See https://doi.org/10.15468/dl.rej1cz for more details. Note: the table above is just an example and can be outdated.

By aggregating we would loose this information, so we provide aside the cubes, be_alientaxa_cube.tsv and eu_modellingtaxa_cube.tsv, a kind of taxonomic compendium, be_alientaxa_info.tsv and eu_modellingtaxa_info.tsv respectively. They include for each taxa in the cube all the synonyms or infraspecies whose occurrences contribute to the total count. They are both saved in data/processed.

For example, Aedes japonicus (Theobald, 1901) is an accepted species present in the belgian cube: based on the information stored in be_alientaxa_info.tsv, its occurrences include occurrences linked to the following taxa:

  1. Aedes japonicus (Theobald, 1901)
  2. Ochlerotatus japonicus (Theobald, 1901)
  3. Aedes japonicus subsp. japonicus
  4. BOLD:AAC5210

Repo structure

The repository structure is based on Cookiecutter Data Science. Files and directories indicated with GENERATED should not be edited manually.

β”œβ”€β”€ README.md            : Description of this repository
β”œβ”€β”€ LICENSE              : Repository license
β”œβ”€β”€ occ-processing.Rproj : RStudio project file
β”œβ”€β”€ .gitignore           : Files and directories to be ignored by git
β”‚
β”œβ”€β”€ references
β”‚   β”œβ”€β”€ Europe.png       : Map of Europe
β”‚   β”œβ”€β”€ modelling_species.tsv: List of species whos occurrences are queried from GBIF at European level
β”‚
β”œβ”€β”€ data
β”‚   β”œβ”€β”€ raw              : Occurrence data as downloaded from GBIF GENERATED
β”‚   β”œβ”€β”€ interim          : big sqlite and text files, stored locally  GENERATED
β”‚   └── processed        : occurrence data cubes and related taxa informations GENERATED
β”‚
β”œβ”€β”€ docs                 : Repository website (not implemented yet) GENERATED
β”‚
└── src
    β”œβ”€β”€ belgium
        β”œβ”€β”€ 1_download.Rmd    : Script to trigger a download of occurrences in Belgium
        β”œβ”€β”€ 2_create_db.Rmd   : Script to genereate a sqlite file and perform basic filtering
        β”œβ”€β”€ 3_assign_grid.Rmd : Script to assign cell code to occurrences
        β”œβ”€β”€ 4_aggregate.Rmd   : Script to aggregate data and make the Belgian data cube
    β”œβ”€β”€ europe
        β”œβ”€β”€ 1_download.Rmd    : Script to trigger a download of occurrences in Belgium
        β”œβ”€β”€ 2_assign_grid.Rmd : Script to perform basic filtering and assign cell code to occurrences
        β”œβ”€β”€ 3_aggregate.Rmd   : Script to aggregate data and make the modelling data cube at European level  

Installation

Clone this repository to your computer and open the RStudio project file, occ-processing.Rproj.

Generate occurrence data cube for Belgium

You can generate the Belgian occurrence data cube by running the R Markdown files in src/belgium following the order shown here below:

  1. 1_download.Rmd: trigger a GBIF download and add it to the list of triggered downloads
  2. 2_create_db.Rmd: create a sqlite database and perform basic data cleaning
  3. 3_assign_grid.Rmd: assign geographic cell code to occurrence data
  4. 4_aggregate.Rmd: aggregate occurrences per taxon, year and cell code, the Belgian occurrence data cube

In the aggregation step, we also create a data cube at class level.
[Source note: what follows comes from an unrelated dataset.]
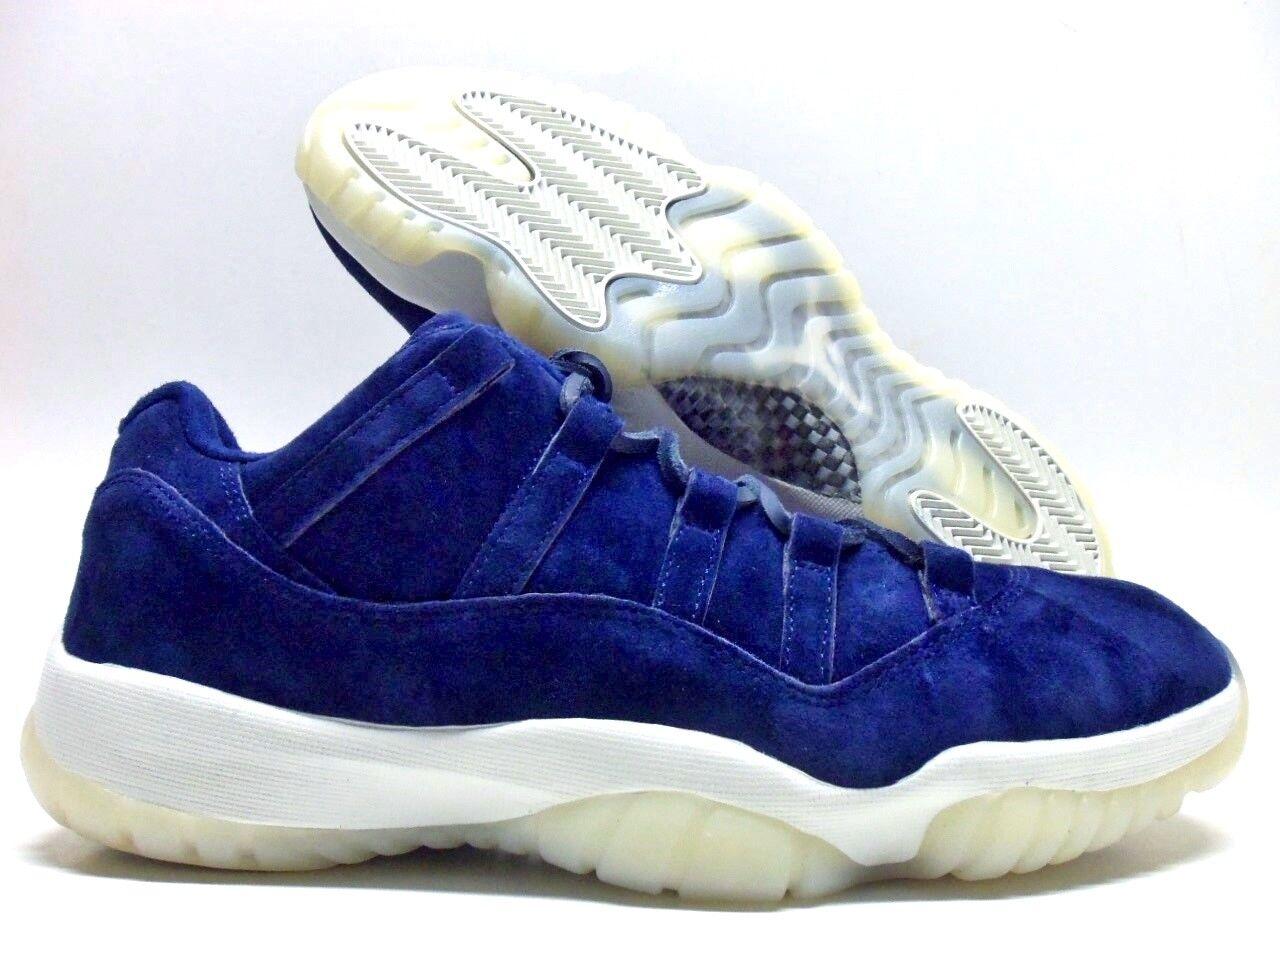 744aae36ae7a4d Nike Air Jordan 11 Retro Low Size 11 Binary Blue Sail Av2187 441 ...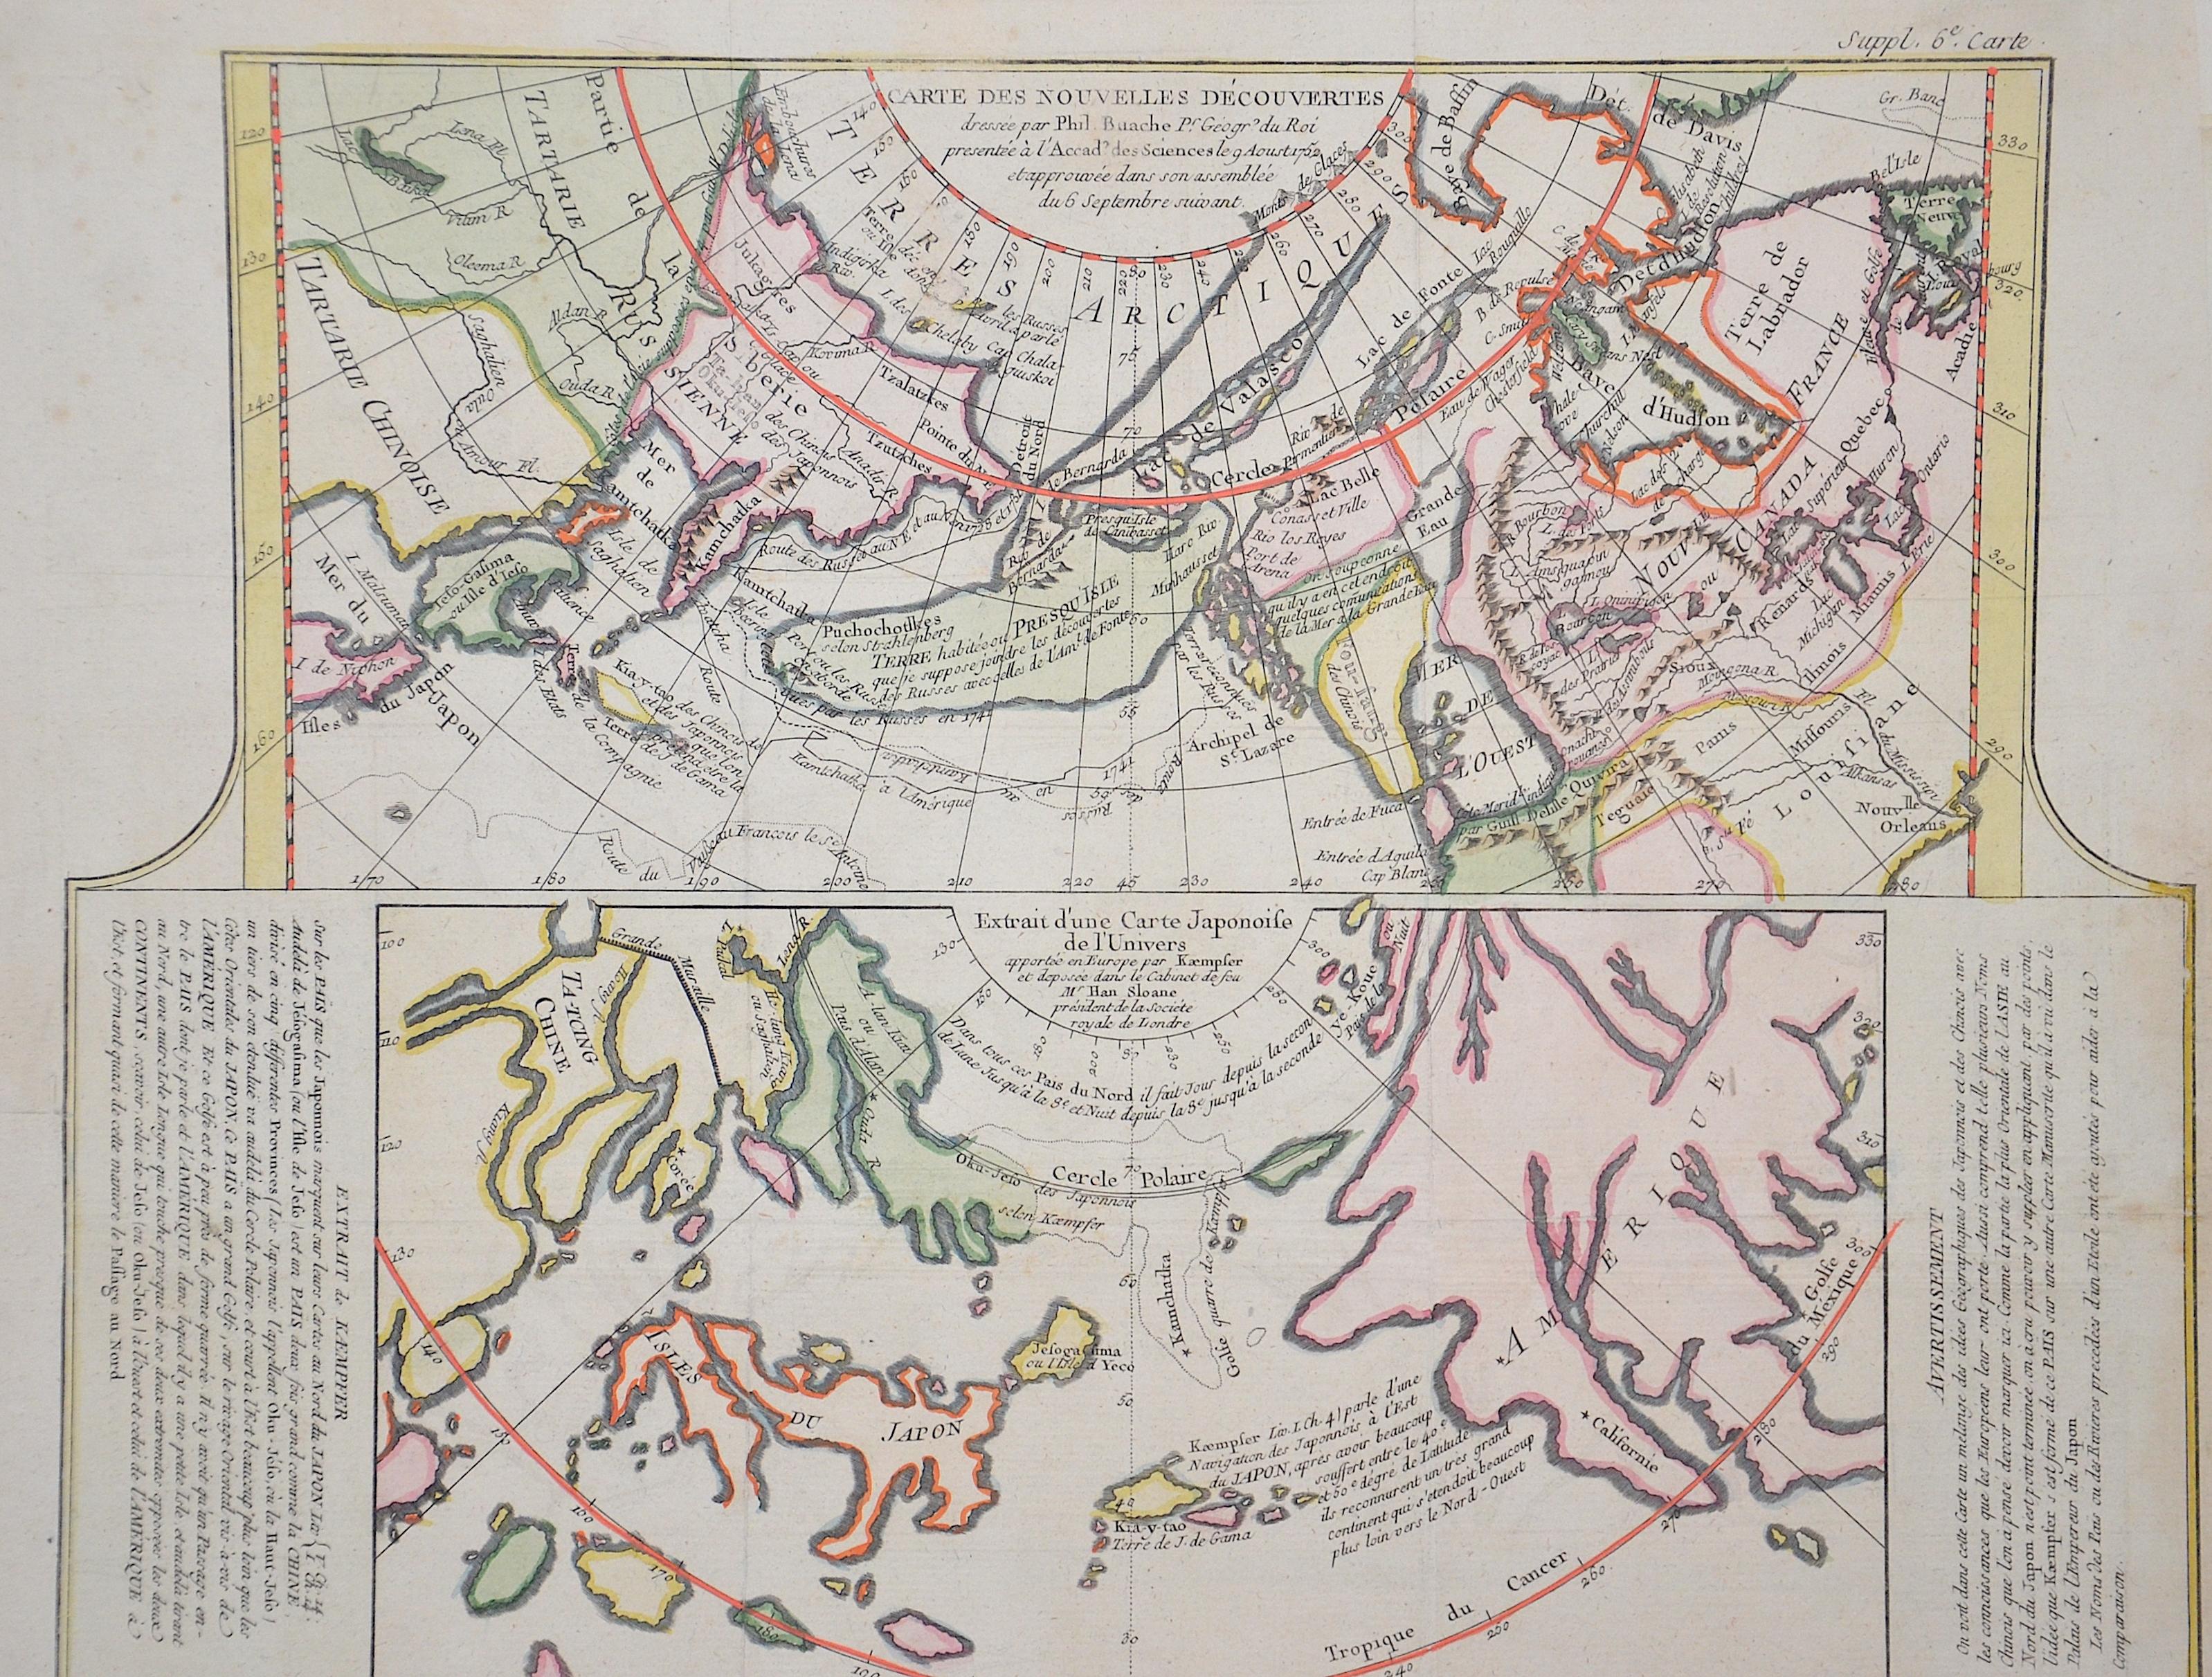 Vaugondy,de  Carte des nouvelles decouverts …/Extrait d´une carte Japonoise de l´universe…

The data cubes are authomatically generated in folder /data/processed/.

Generate occurrence data cube for Europe

At European level we are interested in occurrences of a list of taxa, which will be used for modelling and risk assessment. This list is maintained in file modelling_species.tsv in folder references.

You can generate the European occurrence data cube by running the R Markdown files in src/europe following the order shown here below:

  1. 1_download.Rmd: trigger a GBIF download and adding it to the list of triggered downloads
  2. 2_assign_grid.Rmd: assign geographic cell code to occurrence data
  3. 3_aggregate.Rmd: aggregate occurrences per taxa, year and cell code, the European occurrence data cube.

Install any required packages.

Contributors

List of contributors

License

MIT License for the code and documentation in this repository.